For instance, the following is an output from Claude 3.7 Sonnet, after we provide our design and a description of what we are trying to achieve. We use Claude here to simply emphasize that the same strategies can be employed irrespective of which LLM tool you use (be it via Antrhopic, Google, or others).
The output in this case is more useful and relevant to the scenario. We can validate what Claude says in the Vega-lite and Deneb docs, and then proceed with this specification.
We can already open Power BI and add the Deneb visual (installing it from AppSource if you have not yet done so) and doing the following:
- Positioning and sizing the visual where you want it to go.
- Adding fields that we will use from the model.
- Choosing a Vega-lite template for an interactive bar chart, using Month Short and Sales vs_ PY.
The resulting visual should look like the screenshot below. If you need a more detailed explanation of the Deneb user interface, we discuss this in a previous article, and it is also explained in the Deneb documentation.
The reason why we already do this now is so that we can see the specification, which is the JSON definition using the Vega-lite syntax in Deneb. Having the specification gives us several benefits:
- We can immediately learn from it, understanding how it creates the canvas visual on the right. A good way to do this is by making little changes and seeing the effect on the result, like changing the mark type from “bar” to “line”, altering the field, and so forth.
- We can copy it into the prompt as an example, providing additional context.
Before we continue, it is prudent to provide a brief explanation about how Deneb (and Vega-lite) works, and how we should think about making this custom visual from this step onward:
- The fields you add to the visual are stored as a table; a visual dataset called “dataset” used by Vega-lite. You will notice that periods are replaced with underscores, but otherwise we can reference our measures and columns after the “field” key in a specification.
- The visual consists of multiple layers of “marks” on top of one another. For instance, our visual will contain a separate layer for the sales label, the time series, and so forth.
- Marks are just shapes, like “bar”, “line”, and so forth, which have encoding with properties.
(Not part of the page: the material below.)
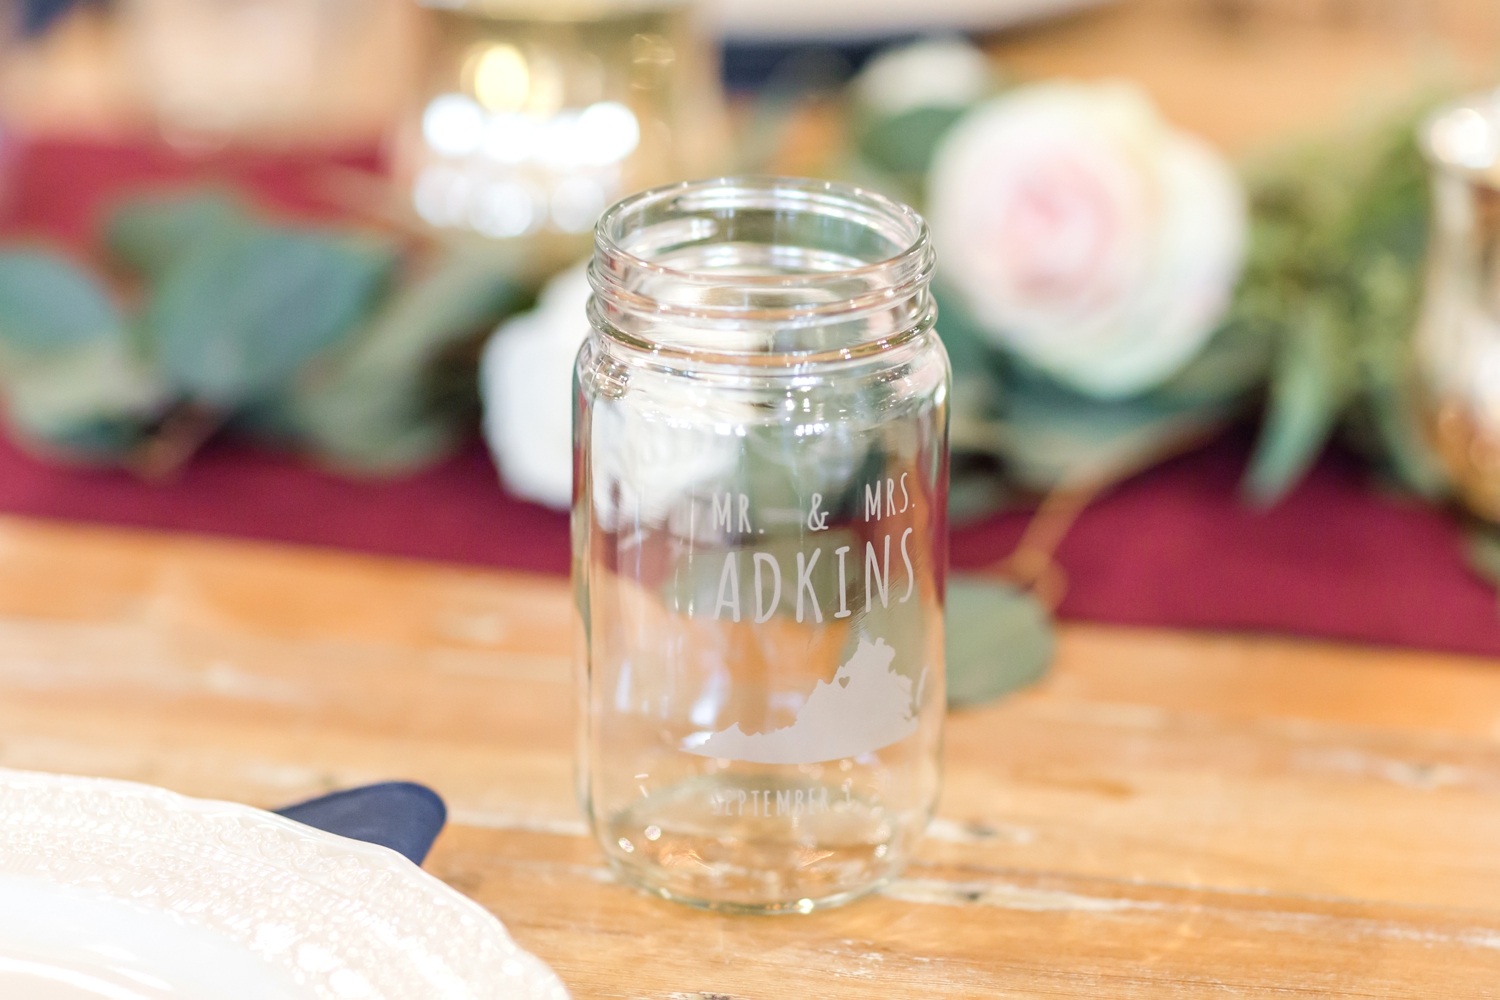  The mason jars were also the wedding favor! Love it.

Encoding consists of not only formatting, but also axes positions and behavior.
- Data can be transformed in a visual and new calculations can be made. Sometimes this is appropriate, but other times it is wiser to create a new DAX measure to support the visual.
All of this information is important to know up-front, because it will help you design and submit better prompts, and use the outputs you get back. You will see examples of this later, but the alternative of “brute force iterative prompting” is a bad practice that can lead you to wasted time and poor results that you struggle to learn from or understand.
Step 4: Obtain relevant examples and information
Like we said already, LLMs will give you a more useful result if you provide more detail and context for your scenario. This does not just mean that you should write detailed and specific prompts, but also provide examples and supplemental information that is relevant.
In this case, we can provide the following context (the image is repeated for reference):
- Our desired result, which is a Vega-lite specification that produces a visualization resembling the image of the visual design (assuming that you use a multimodal model).
- A description of the desired result, including which visual elements are encoded by which fields in your model, and the names of those fields.
- Any interactivity that we expect, like tooltips or cross-filtering.
- That the Vega-lite specification will be used in a Deneb custom visual in a Power BI report, so fields will come from the Power BI model and not a URL or encoded in-line. This is important, since most Vega and Vega-lite specifications in the LLM’s training data likely were not used in Deneb in Power BI, but using other tools.
- The visual will consist of multiple layers of marks, as depicted in the image.
- An example Vega-lite specification, either from the starting template, or from another Deneb visual or template that more closely resembles our desired result.
To collect this context, you can already write a prompt in a text editor, which you can re-use with multiple chat windows or tools, if necessary.
Step 5: Choose an LLM tool
Not all LLM tools are equal. Depending on the tool you use, you might get different results. LLM tools can differ in various ways, such as the following:
- Whether you have to pay to use it or not: Some tools require a paid subscription. Models might also limit your usage per day, when you have to wait after you reach the limit.
- Whether they are multimodal or not: Some models accept only text as input, while others accept multiple forms of media, including text, images, or audio. A multimodal model is recommended so that you can provide images of your design for it to recreate.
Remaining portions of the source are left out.